*** Block opens ***

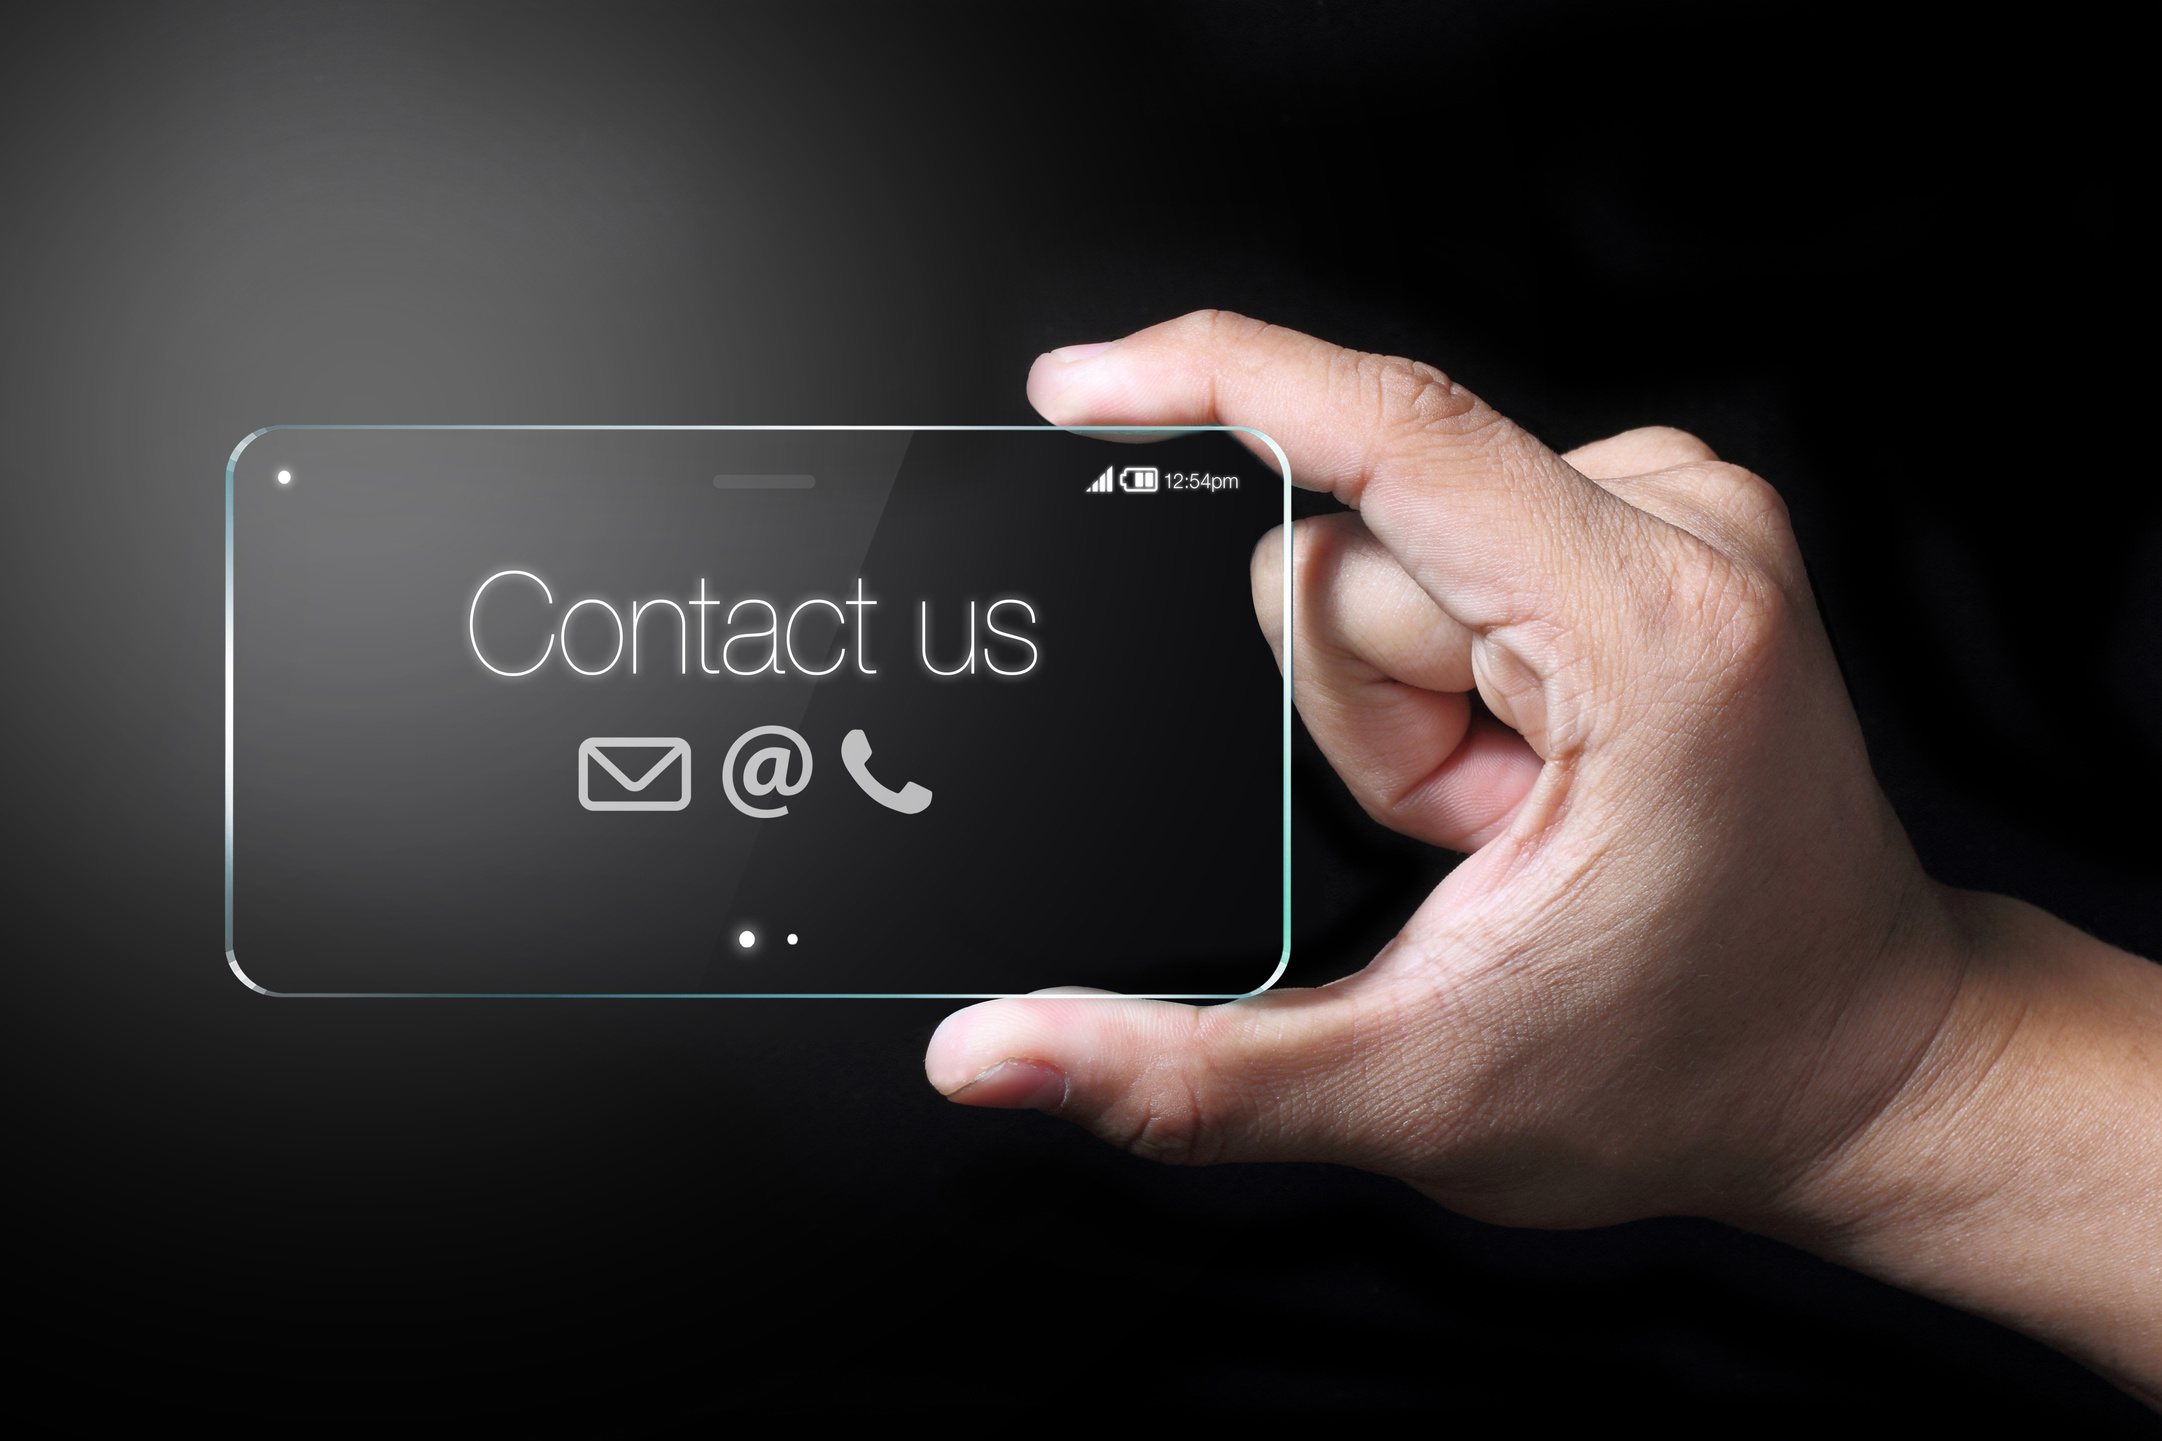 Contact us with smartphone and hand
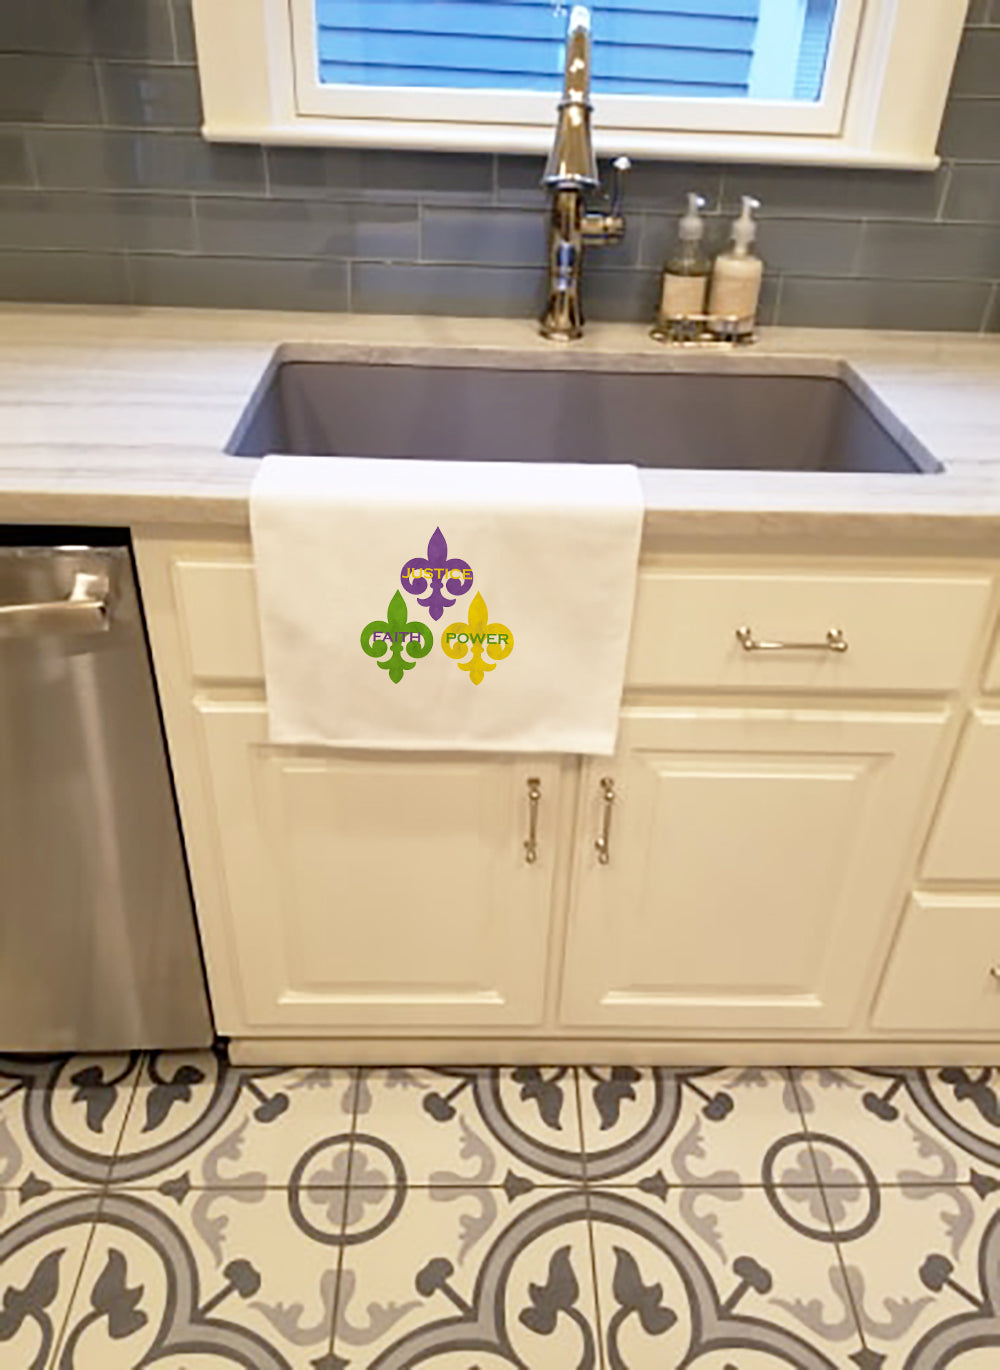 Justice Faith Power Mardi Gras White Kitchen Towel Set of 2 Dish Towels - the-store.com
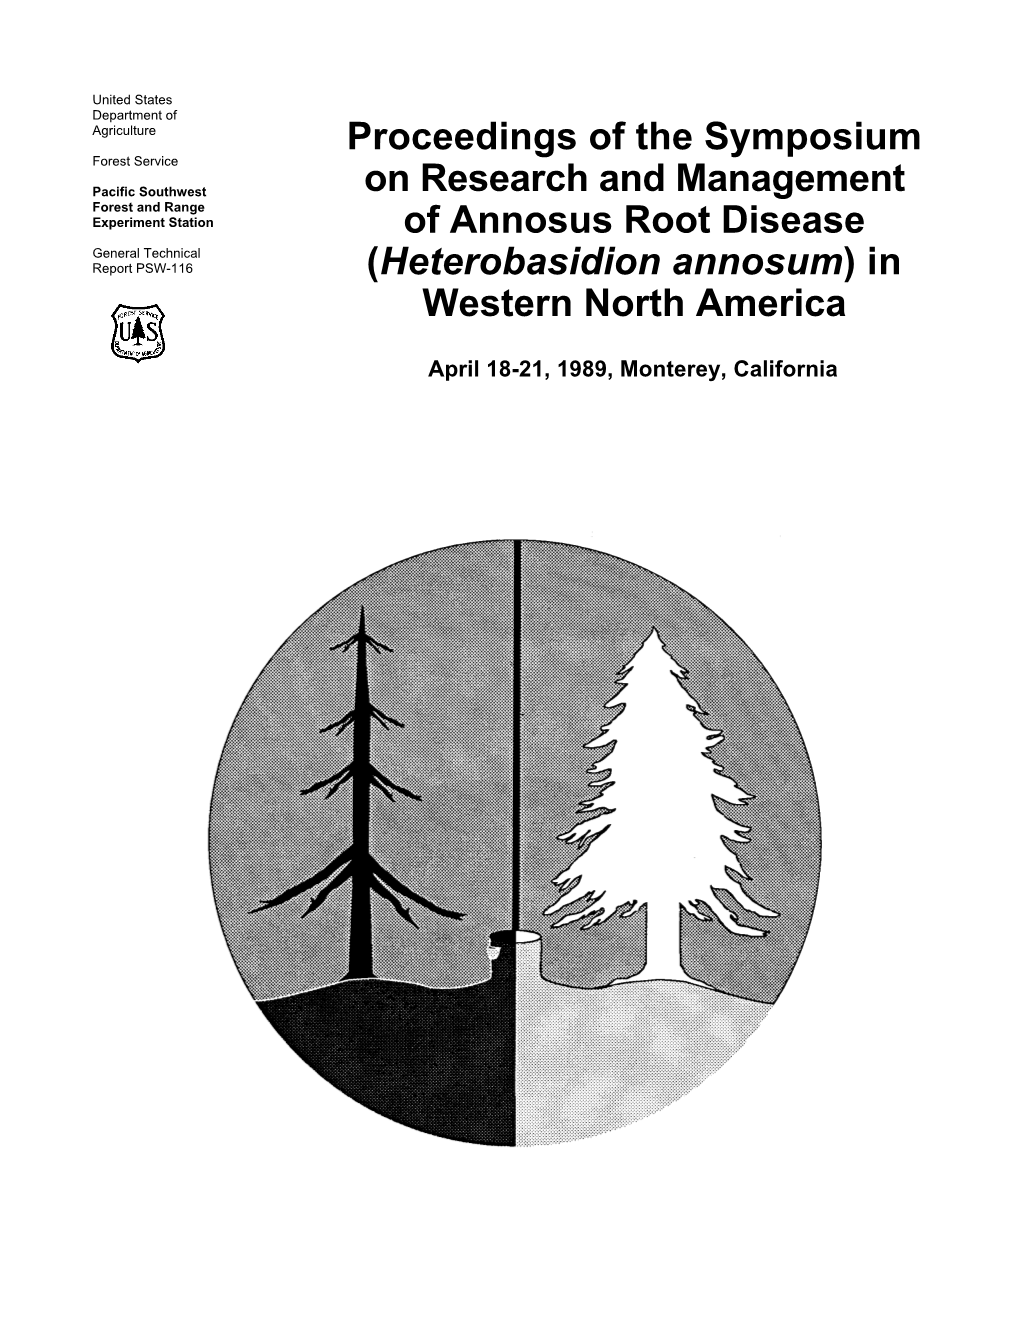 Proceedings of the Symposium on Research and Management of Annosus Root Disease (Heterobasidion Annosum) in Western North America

*** Block closes ***

| YOUR GOAL |
Find the line containing "Justice Faith Power" and copy it and each line after it through the end of the material, exactly, with no pictures.

| WRITTEN REPLY |
 Justice Faith Power Mardi Gras White Kitchen Towel Set of 2 Dish Towels - the-store.com
 Proceedings of the Symposium on Research and Management of Annosus Root Disease (Heterobasidion Annosum) in Western North America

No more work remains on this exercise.